At once he began to preach in the synagogues that Jesus is the Son of God. All those who heard him were astonished and asked, “Isn’t he the man who raised havoc in Jerusalem among those who call on this name? And hasn’t he come here to take them as prisoners to the chief priests?” Yet Saul grew more and more powerful and baffled the Jews living in Damascus by proving that Jesus is the Messiah.
After many days had gone by, there was a conspiracy among the Jews to kill him, but Saul learned of their plan. Day and night they kept close watch on the city gates in order to kill him. But his followers took him by night and lowered him in a basket through an opening in the wall.

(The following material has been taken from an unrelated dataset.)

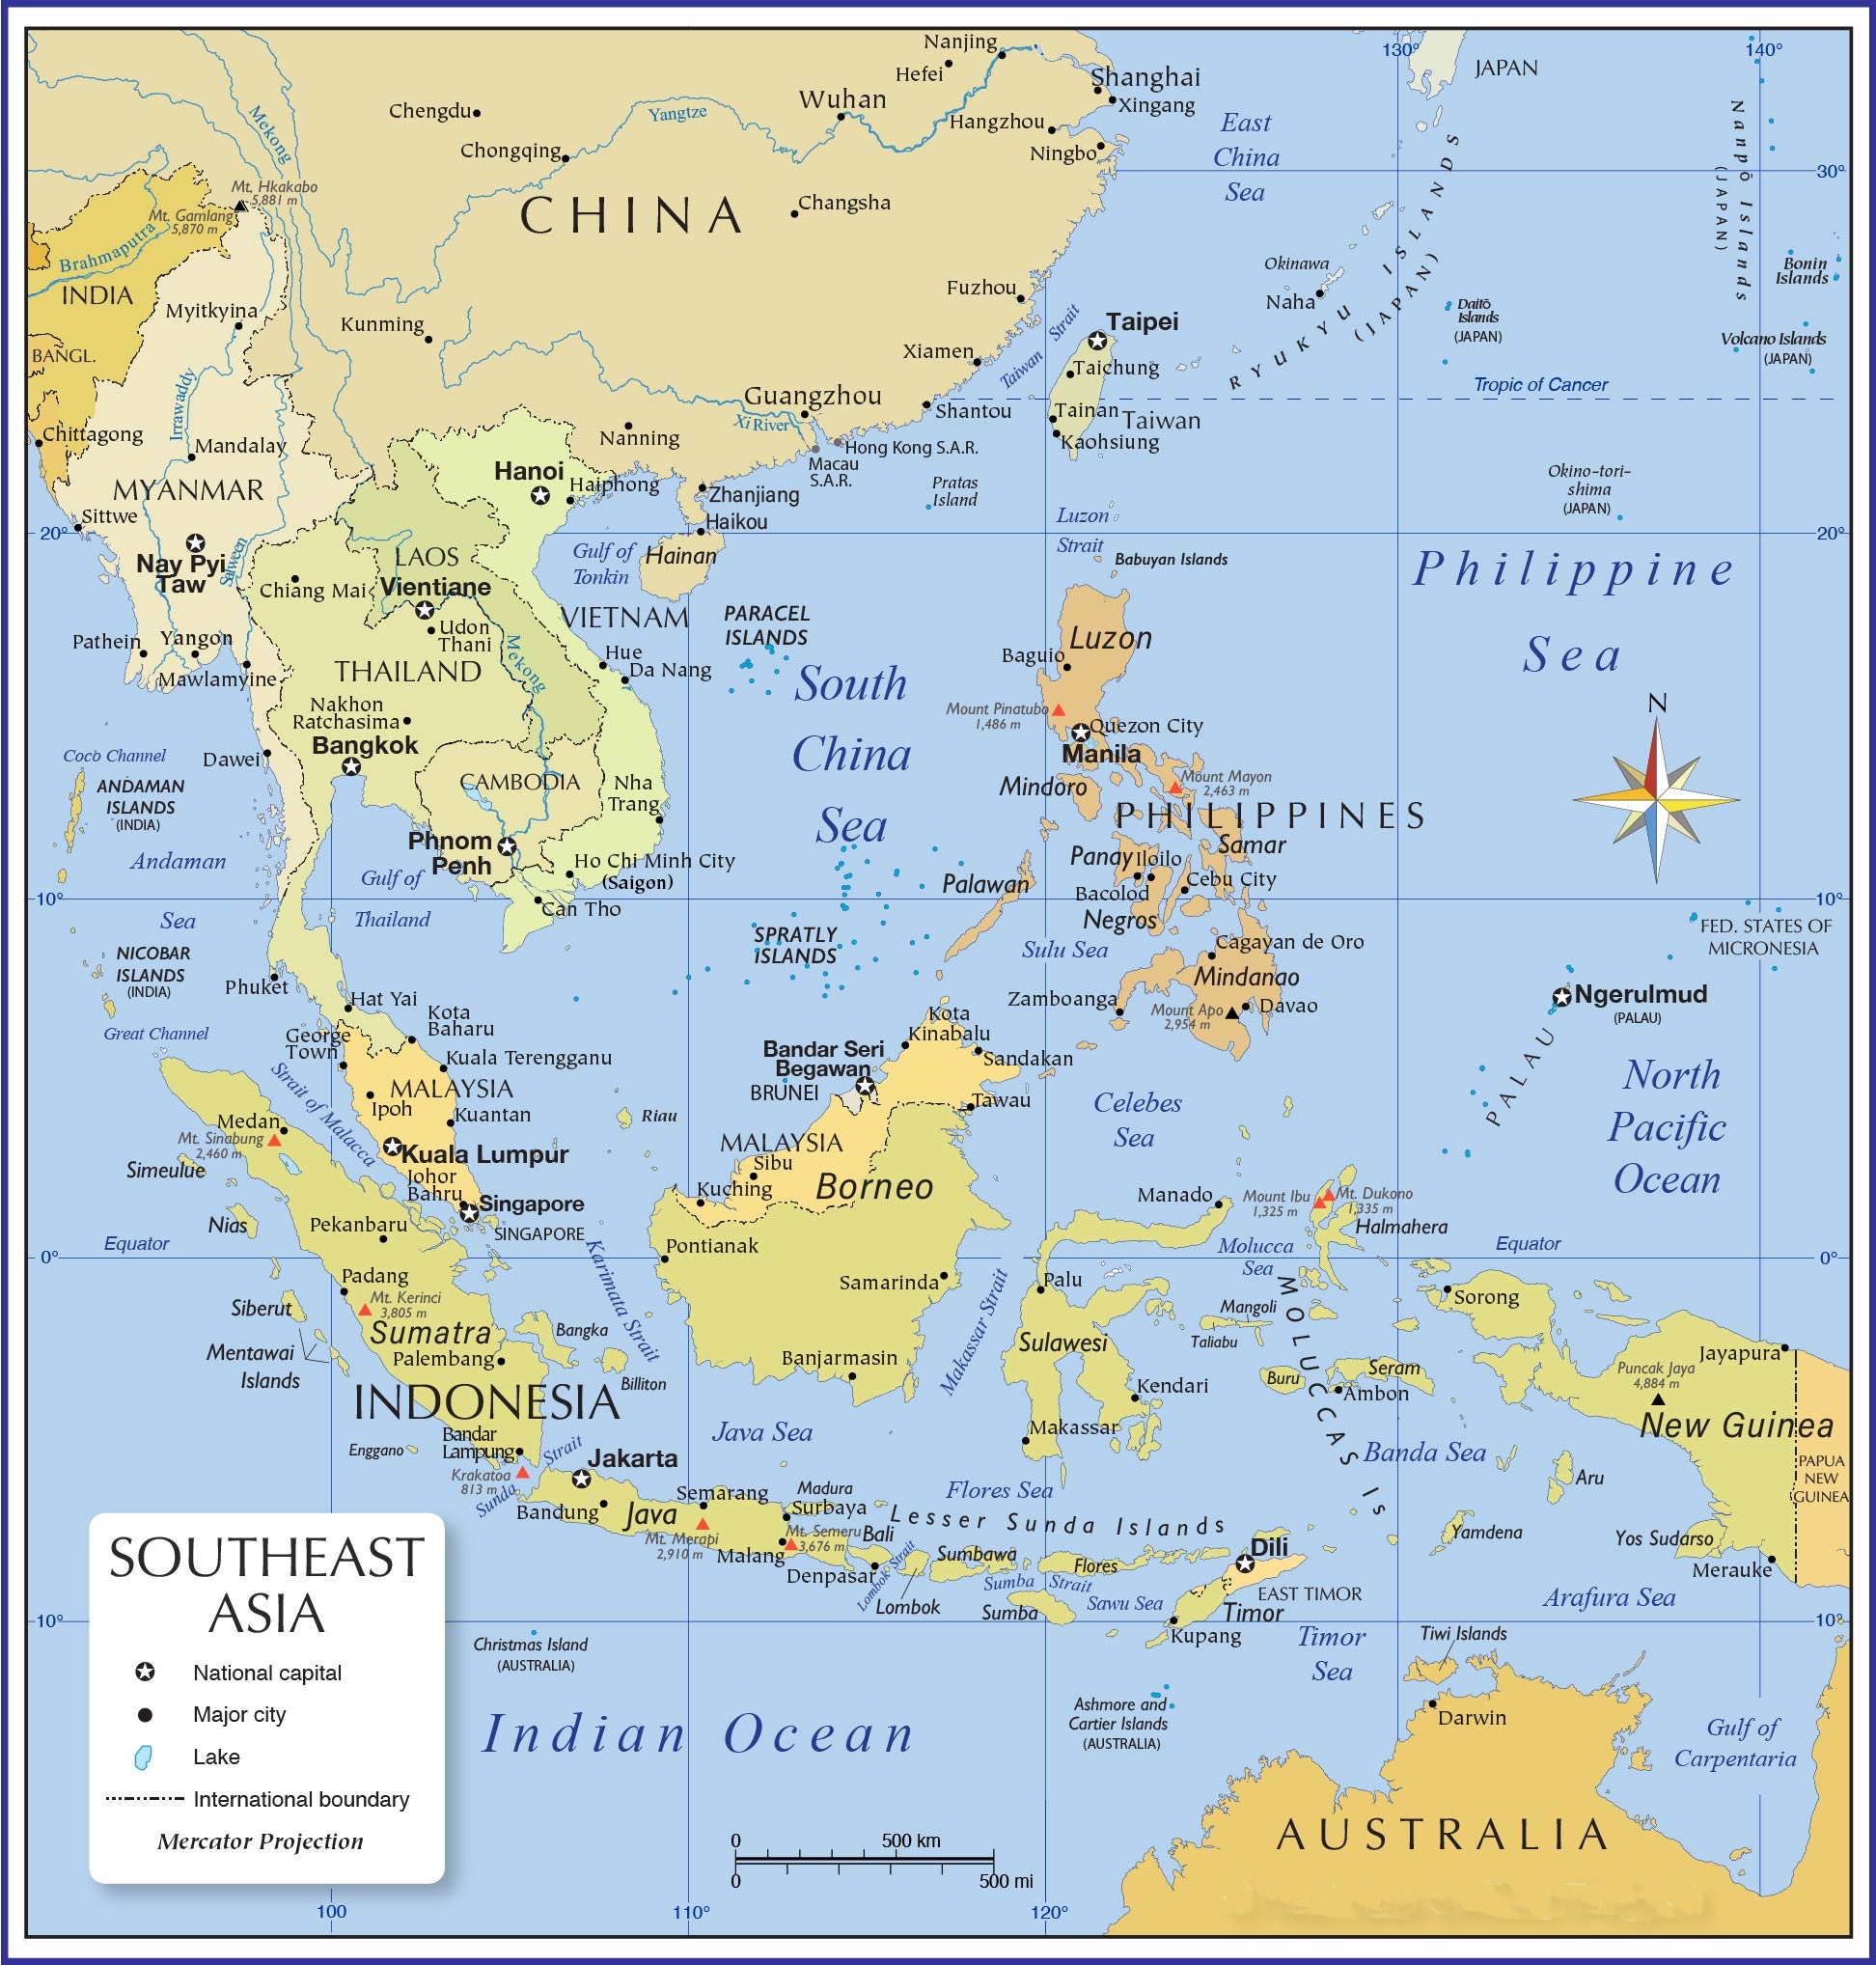 Tải bản đồ Đông Nam Á năm 2024 để khám phá những thông tin mới nhất về các đất nước và vùng lãnh thổ ở Đông Nam Á. Hãy tải ngay để có trải nghiệm khám phá tuyệt vời.

When he came to Jerusalem, he tried to join the disciples, but they were all afraid of him, not believing that he really was a disciple. But Barnabas took him and brought him to the apostles. He told them how Saul on his journey had seen the Lord and that the Lord had spoken to him, and how in Damascus he had preached fearlessly in the name of Jesus. So Saul stayed with them and moved about freely in Jerusalem, speaking boldly in the name of the Lord. He talked and debated with the Hellenistic Jews, but they tried to kill him. When the believers learned of this, they took him down to Caesarea and sent him off to Tarsus.
Then the church throughout Judea, Galilee and Samaria enjoyed a time of peace and was strengthened. Living in the fear of the Lord and encouraged by the Holy Spirit, it increased in numbers.
As Peter traveled about the country, he went to visit the Lord’s people who lived in Lydda. There he found a man named Aeneas, who was paralyzed and had been bedridden for eight years. “Aeneas,” Peter said to him, “Jesus Christ heals you. Get up and roll up your mat.” Immediately Aeneas got up. All those who lived in Lydda and Sharon saw him and turned to the Lord.